Cultural and Social Impacts: Two Sides of the Spanish Conquest

The stories of Catalina de Erauso and Bartolomé de las Casas represent two divergent responses to the Spanish conquest of the Americas. Erauso’s narrative—though exceptional in its gender deception—embodies the glorification of military prowess, personal honor, and the conquistador ethos that continued to captivate the European imagination long after the initial conquests.

Las Casas, meanwhile, represents the conscience of the conquest—the voice that questioned its morality and sought to mitigate its horrors. His writings not only influenced Spanish policy but also fueled the Black Legend, the propaganda campaign by rival European powers to portray Spanish colonization as exceptionally cruel.

Together, these figures illustrate the complex, often contradictory nature of the Spanish Empire: a system that could produce both brutal conquerors and compassionate critics, often within the same generation.

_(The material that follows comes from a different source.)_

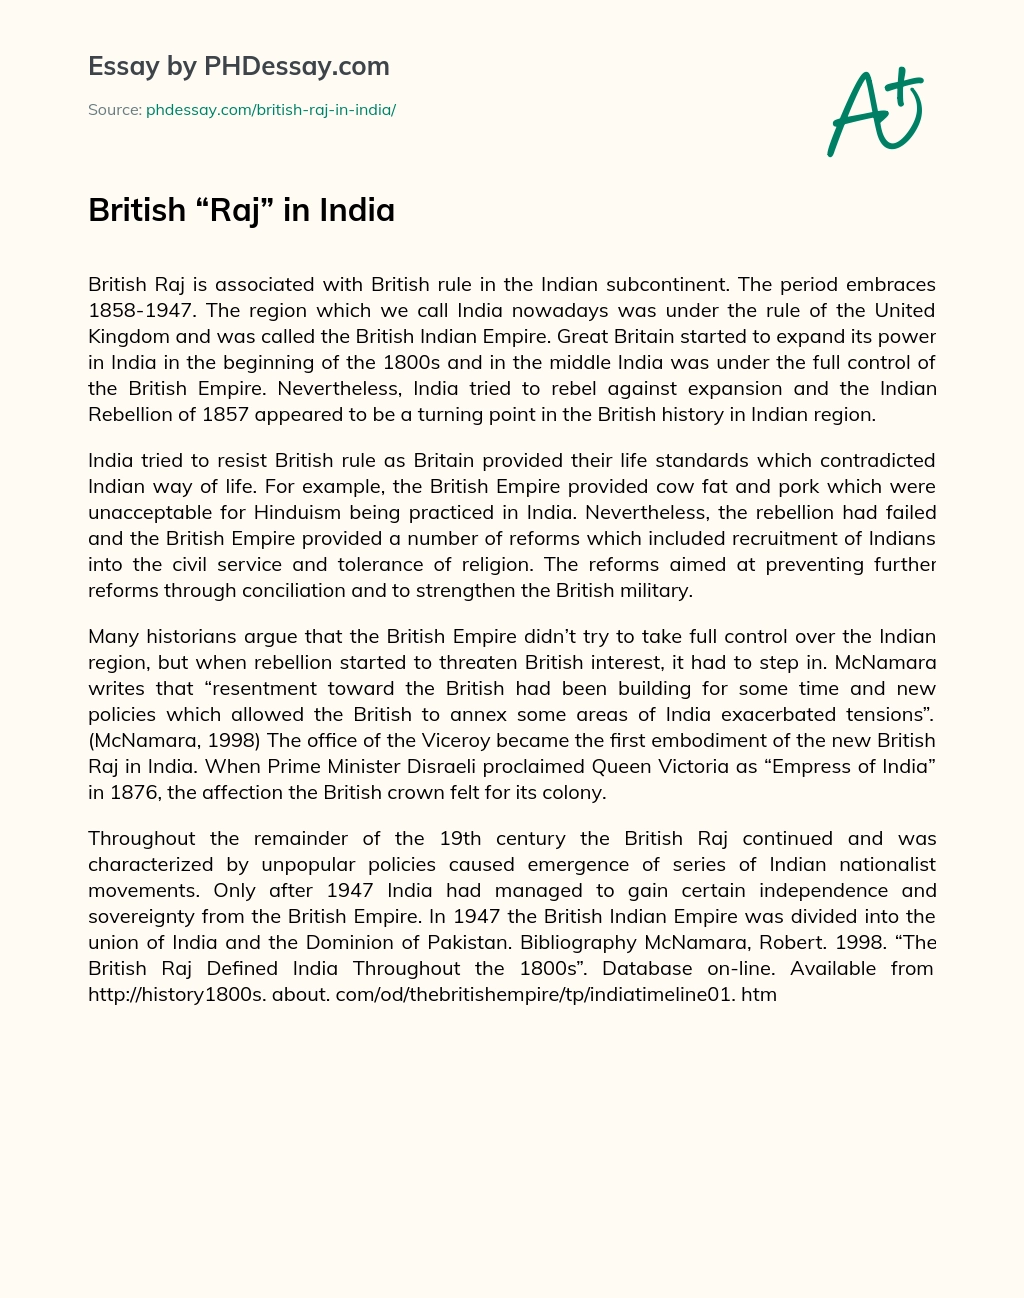 British “Raj” in India essay

Modern Relevance: Reexamining the Conquest

The legacies of both Erauso and Las Casas continue to resonate today. Erauso’s story has been reclaimed by modern scholars as an early example of gender nonconformity and a challenge to traditional narratives of conquest as exclusively male endeavors. Her life raises questions about identity, performance, and the ways in which individuals navigated—and sometimes subverted—the rigid social structures of their time.

Las Casas’s work remains foundational in the fields of human rights and colonial history. While his advocacy was limited by the prejudices of his era , his efforts to document and oppose atrocities established important precedents for humanitarian intervention and ethical colonialism.

Conclusion: The Many Faces of Empire

The conquest of the Americas was never a monolithic process. It produced figures as diverse as the cross-dressing soldier Catalina de Erauso and the reformist priest Bartolomé de las Casas—individuals who, in their own ways, both embodied and challenged the values of their time.

Their stories remind us that history is rarely simple or straightforward. The Spanish Empire was built through violence and exploitation, but it also fostered debates about justice, morality, and human dignity that continue to shape our understanding of colonialism’s legacy. By examining these contrasting figures, we gain a richer, more nuanced perspective on one of the most transformative periods in world history—a period whose echoes still reverberate in the Americas today.